When Tom’s done reading the Sydney Morning Herald, The Age, The Guardian, and the New York Times from top to toe, he starts reading his mobile-phone statement online. The curiosity of his low phone credit on the night he ended up in hospital doesn’t become an issue until tedium makes it one. What he notices are the international numbers. The country code of the first one is 44 and the second is 670. The phone calls were made at 10:47 p.m. and 10:49 p.m. — sometime after his dive off the table. One of his ex-flatmates and their hangers-on must have taken his phone while he was flat on his face bleeding and rung two overseas numbers. How low can people get? It was probably their dickhead drummer, who was into some Swedish chick he met on the Internet. So Tom goes to the Google search and looks up international phone codes. Not Sweden. The first belongs to the UK, the second to . . .

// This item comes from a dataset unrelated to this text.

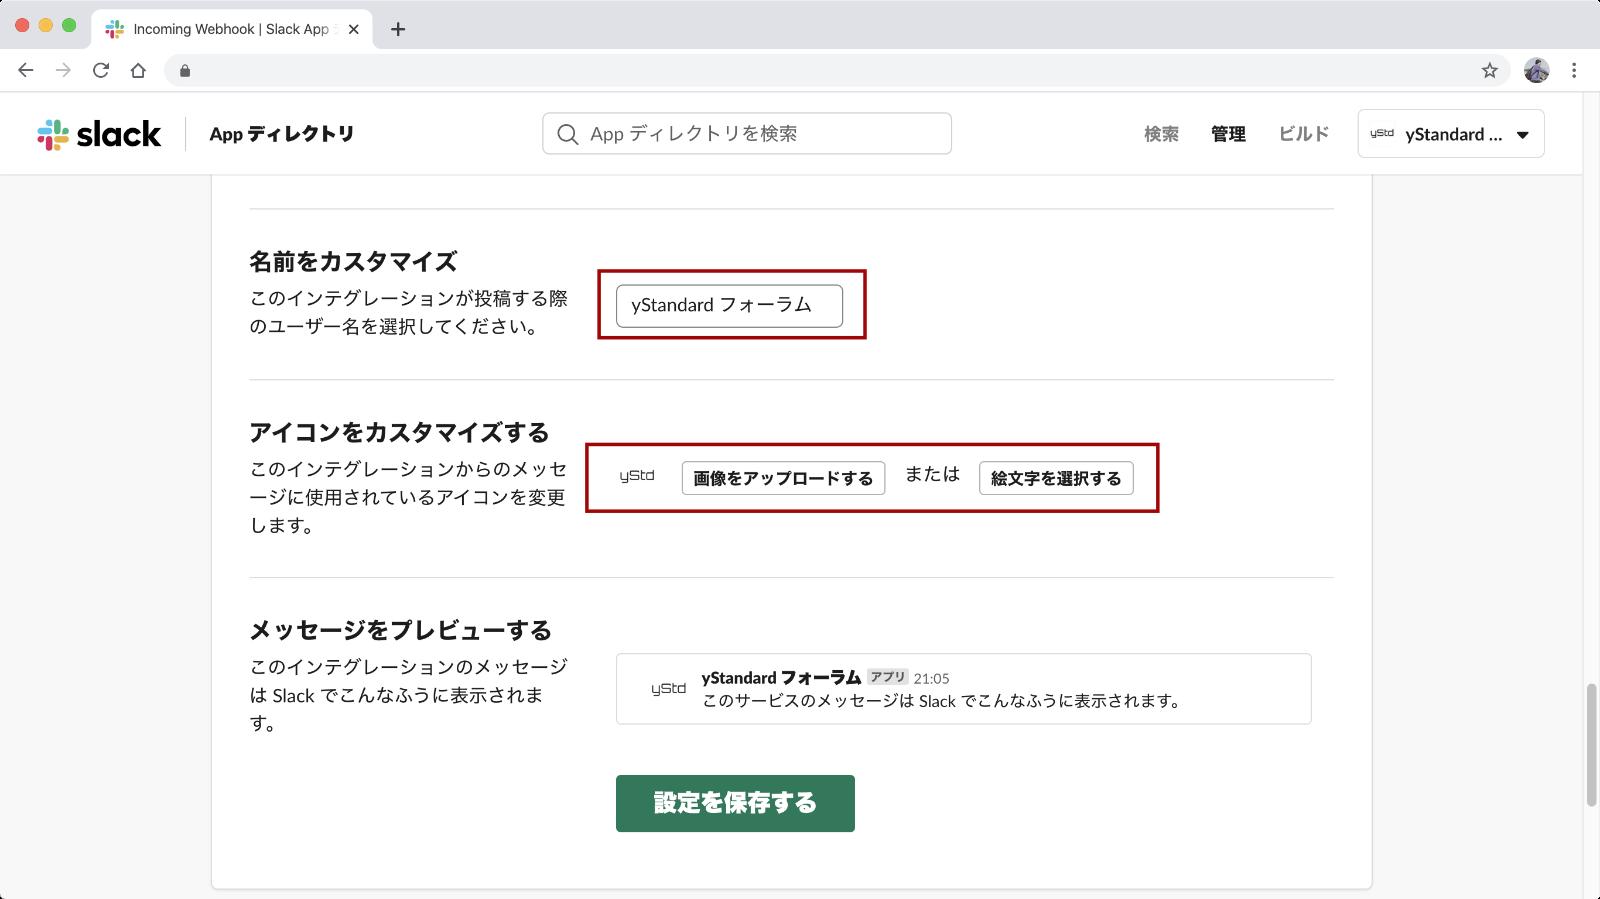 通知を投稿するユーザー名とアイコンの設定をする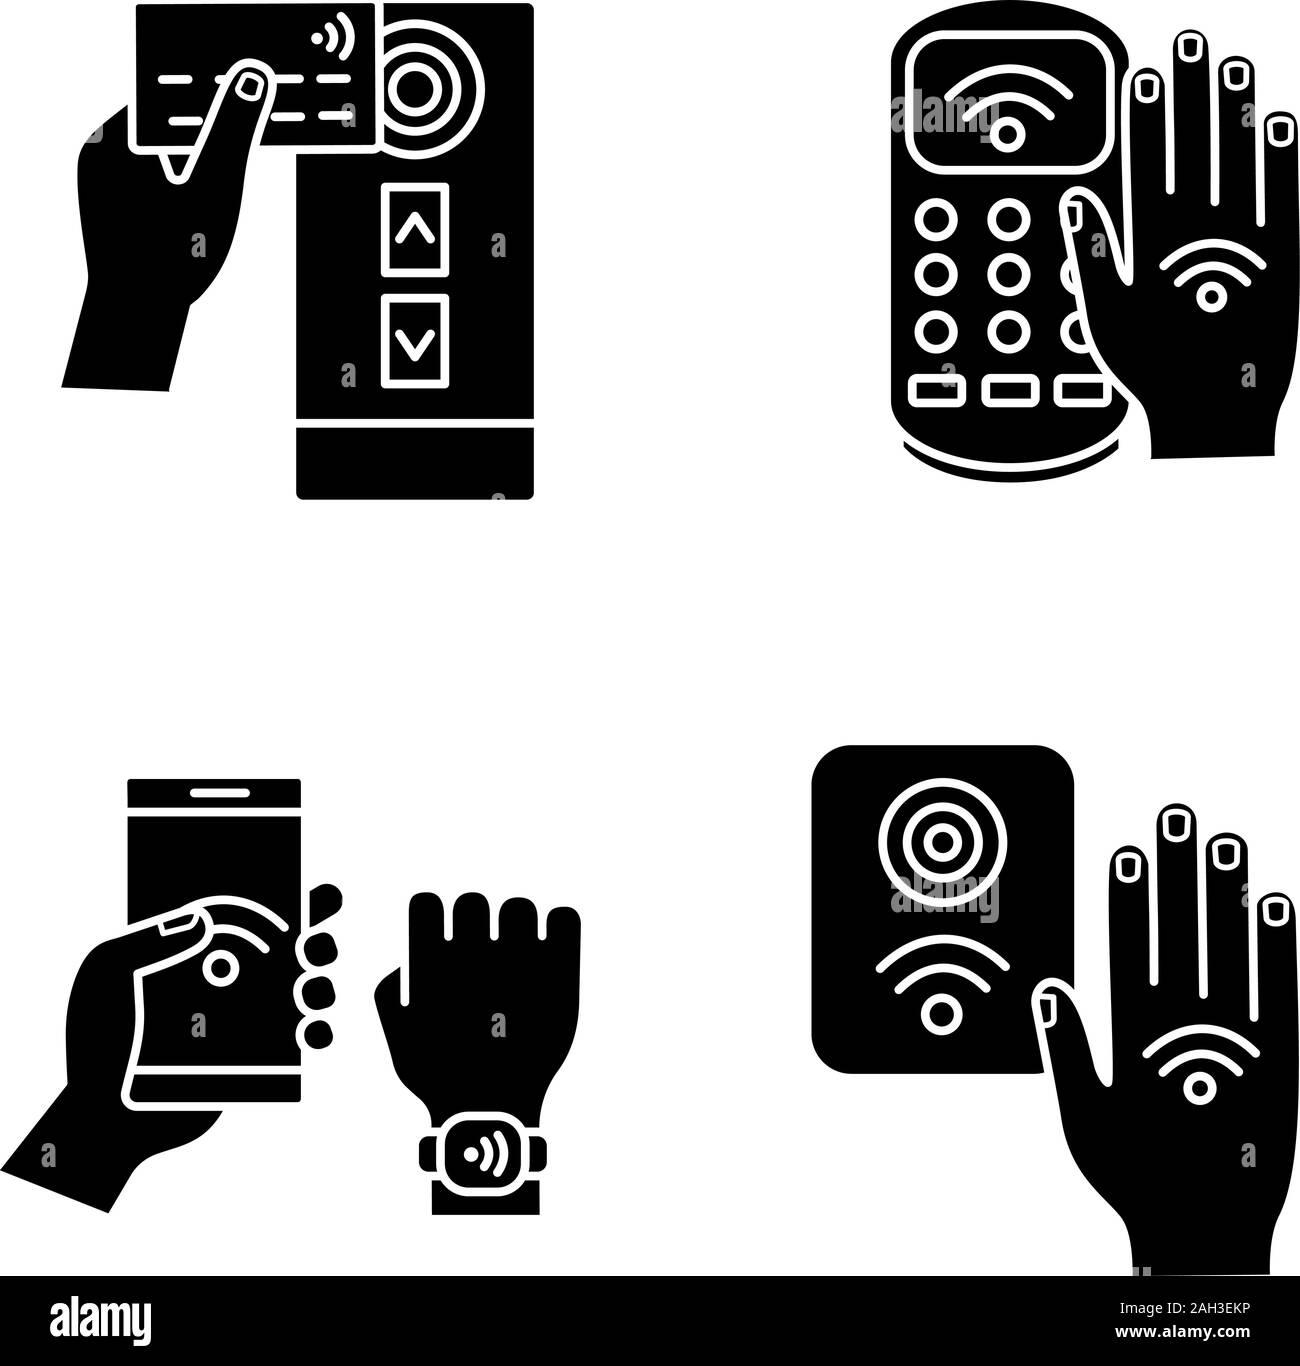 La technologie NFC glyphe icons set. Lecteur de carte de crédit en champ proche, la borne de paiement, bracelet, contrôle d'accès, part autocollant. Symboles de Silhouette. Vecteur est Illustration de Vecteur

He chokes. His reaction must be loud, because everyone turns to look at him, except Mohsin the Ignorer. Tom’s eyes are fixed on the screen, and after a moment he fumbles through his backpack for his mobile, realizing that he left it back home being recharged. The countdown to three o’clock becomes an excruciating waiting game, and then he breaks speed records racing to the station, jumping turnstiles, taking the stairs up to the platform two at a time, and practically throwing himself into the train. He sprints out of Stanmore station so fast that one of the slacker skateboarders tries to race him.

Back in Georgie’s attic, he yanks the phone out of the socket and begins scrolling down the names under dialed calls, praying to anyone who will listen. God. Baby Jesus. Saint Thomas the doubter. Saint Whoever, patron saint of losers. Praying, Please, please, don’t let it be true.

The first name shatters him.

The second makes his head spin.

He hears the clumps of footsteps on the stairs, and then Georgie pokes her head in.

“What?” she asks, alarmed.

He can’t speak because his tongue gets stuck in the roof of his mouth.

“Tom? You screamed.”

“No,” he says listlessly.

“You screamed. And swore. Like this. Fuuuuuuuuuuuuck.

He tries to recover for a moment and stares at her. “Stubbed my toe. Painful.”

She squints with total disdain. “More painful than childbirth?”

“Oh, so now everything’s going to compete with that one,” he mutters. “I’ve got to go.”

He passes her and flies down the stairs and out of the house.

He can only get his head around one thing at a time.

That on the night he dived off that table, he rang Tara Finke in Timor.

And he can’t remember a single word of the conversation.

He walks straight to the back room of the pub, where Francesca and Justine are rehearsing.

“You’re not on tonight,” Justine says, almost as an accusation.